You can order a burger grilled with mustard. Get your onions chopped or ringed—raw or grilled. Asking for “light onion” means cooks will toss a few onion circles on the burger. If you like the secret sauce, ask for extra “spread” packets (kept in a refrigerator under the counter). If you want a triple cheeseburger (3x3) or a quad (4x4), just ask. For crispier fries, order them well done.
In 2004, a group of eight San Francisco friends ordered a 100x100 burger as a lark. After they polished off the 100 patties and 100 slices of cheese squeezed between a pair of buns—and documented the feat in a blog post that went viral—In-N-Out promptly banned the beast from the menu, secret or otherwise.
“The largest burger we will make now is a 4x4,” Van Fleet says. “Anything bigger than that takes way too much time and causes other customers to endure too long of a wait.”
The chain’s most famous custom order, the Animal Style burger, has murky origins. A former veteran In-N-Out manager who knew the Snyders once told me that the burger (made with mustard cooked into the beef, extra spread, and grilled chopped onions) was a favorite among a gang of unsavory customers at the original Baldwin Park restaurant. The impeccably groomed and clean-cut In-N-Out cooks, referring to their unruly guests, wound up calling the special order Animal Style.

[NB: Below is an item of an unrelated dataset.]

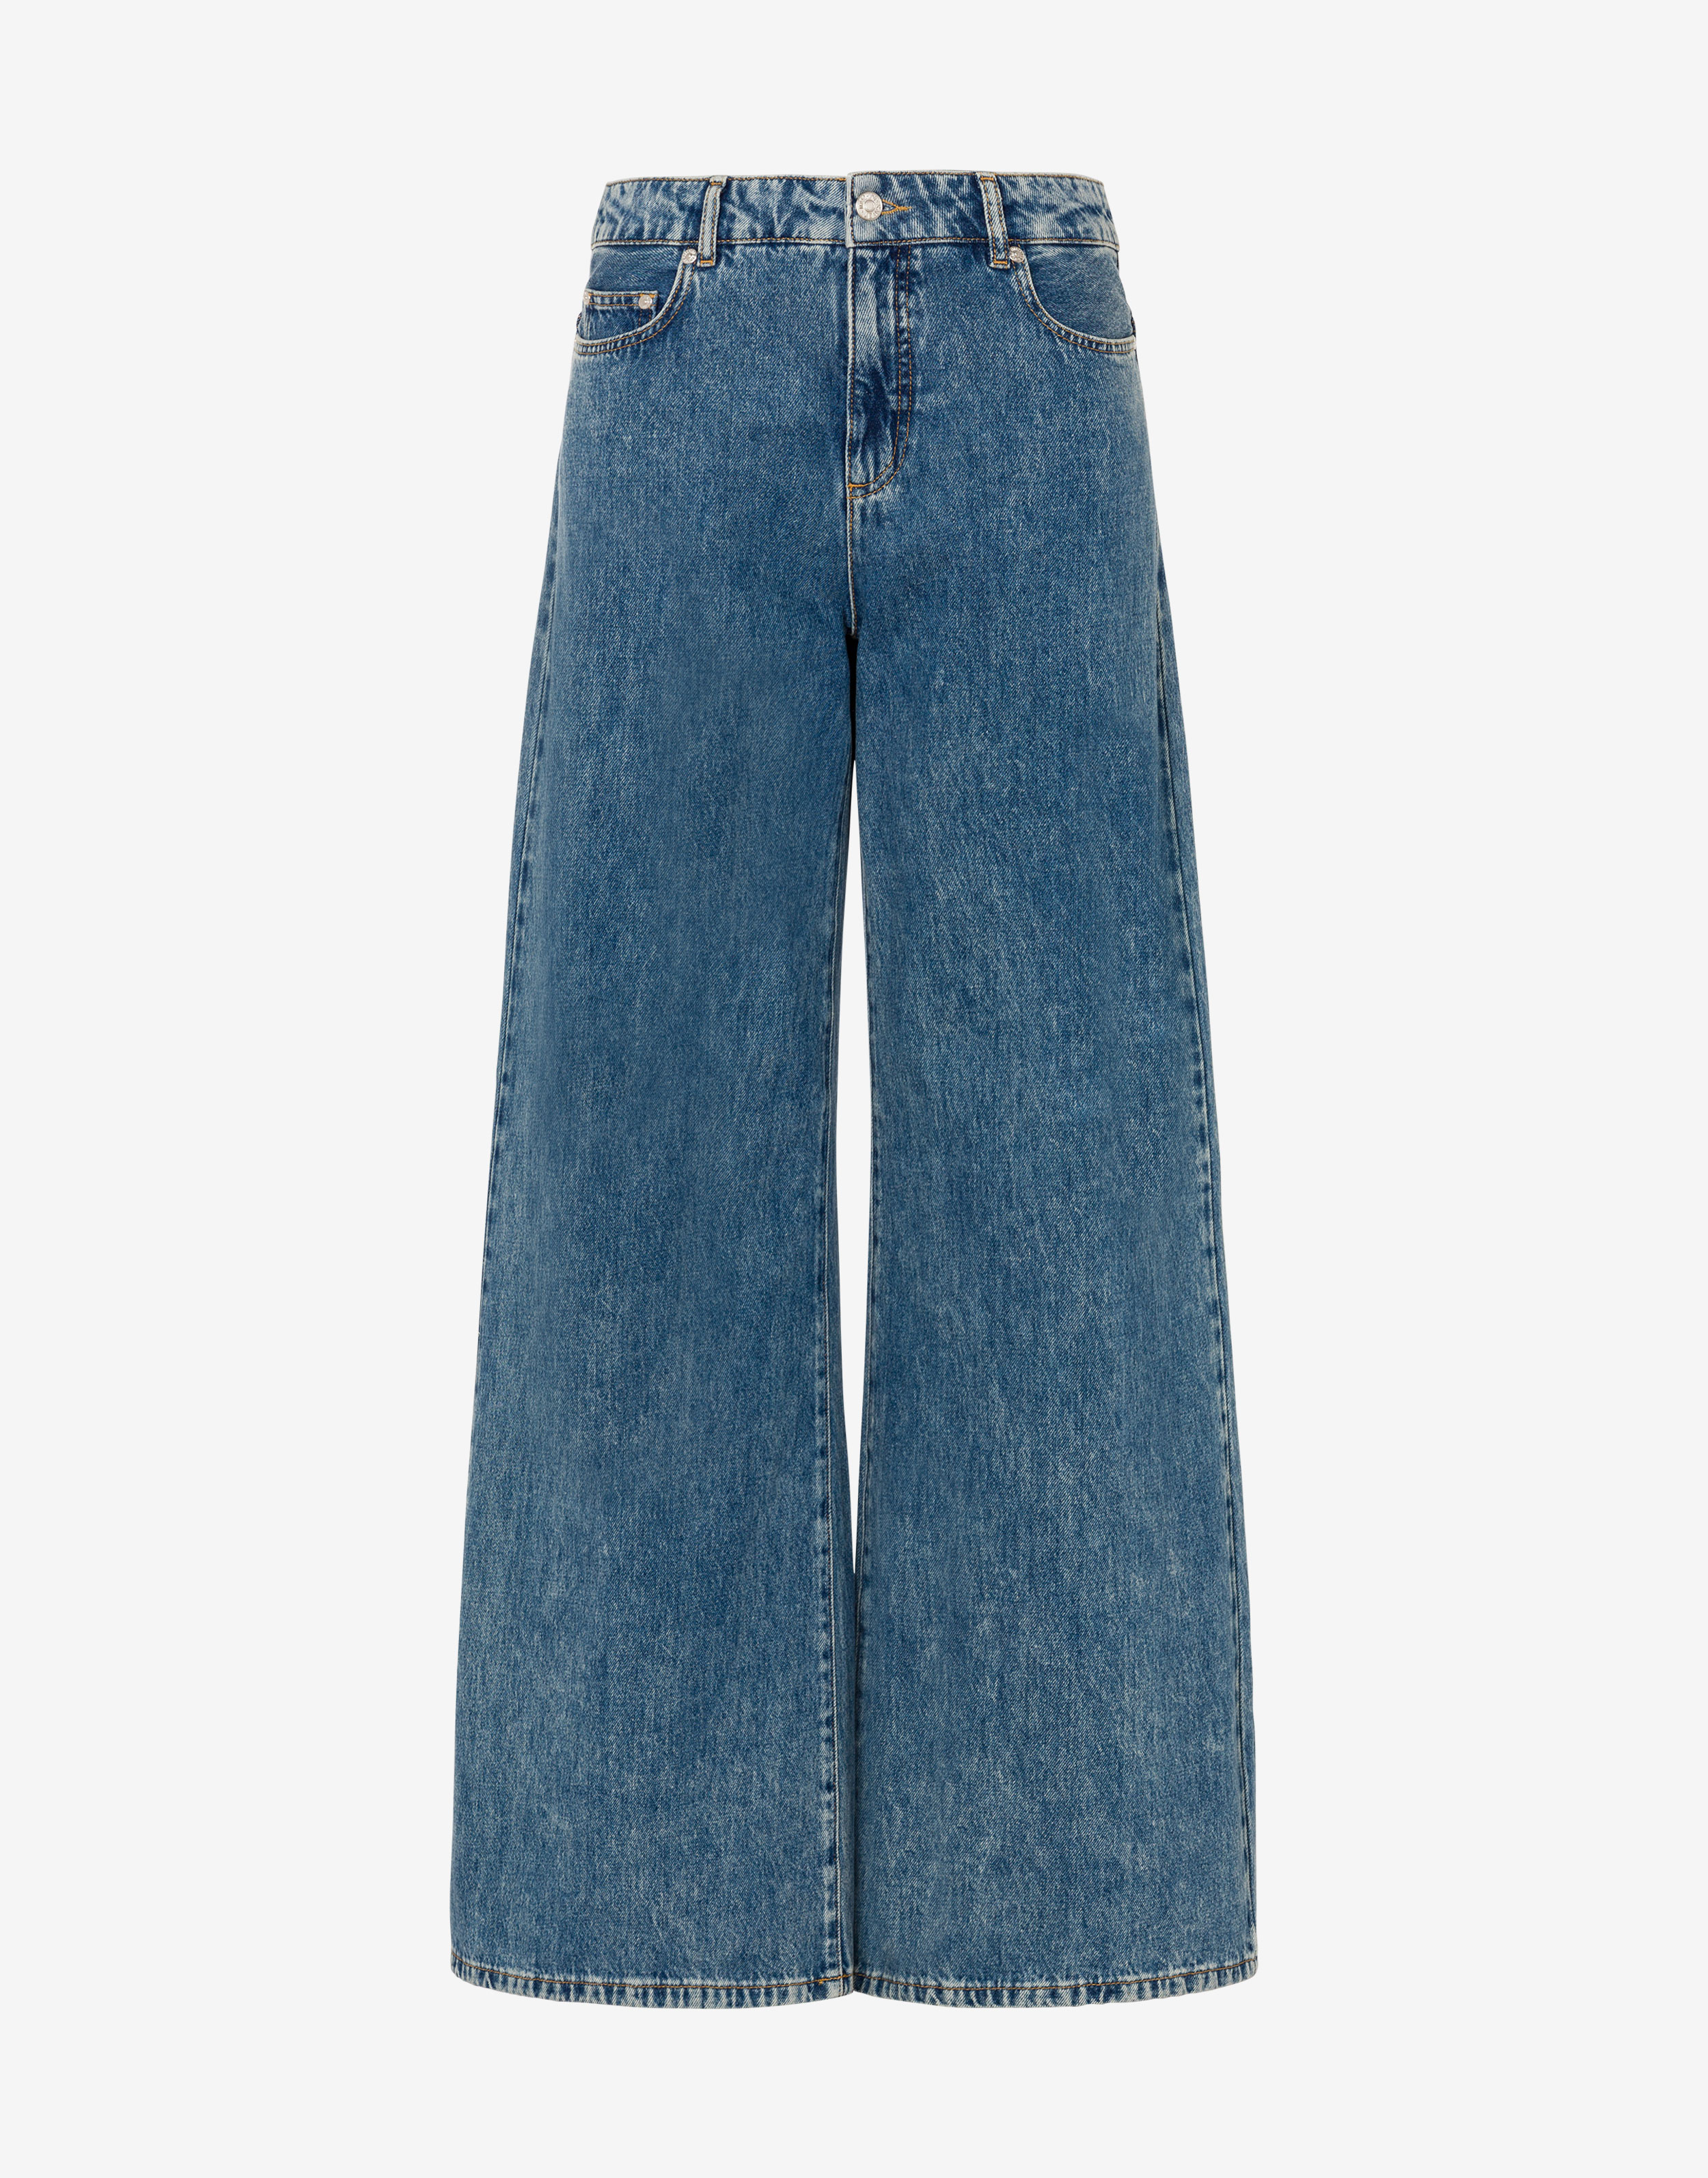 Heart Stitchings denim wide trousers

No doubt it will take awhile for the full In-N-Out burger lexicon to spread across Dallas. But you Texans have already demonstrated an eagerness to learn the lingo. In 2000, In-N-Out sued Texas-based Whataburger for selling a Double-Double, which, even though it is a “secret” menu item, In-N-Out has trademarked. In that little skirmish, as I suspect will happen in its latest offensive, In-N-Out emerged victorious.
Nancy Luna is a restaurant writer for the Orange County Register in Santa Ana, California, where she runs a blog called The Fast Food Maven.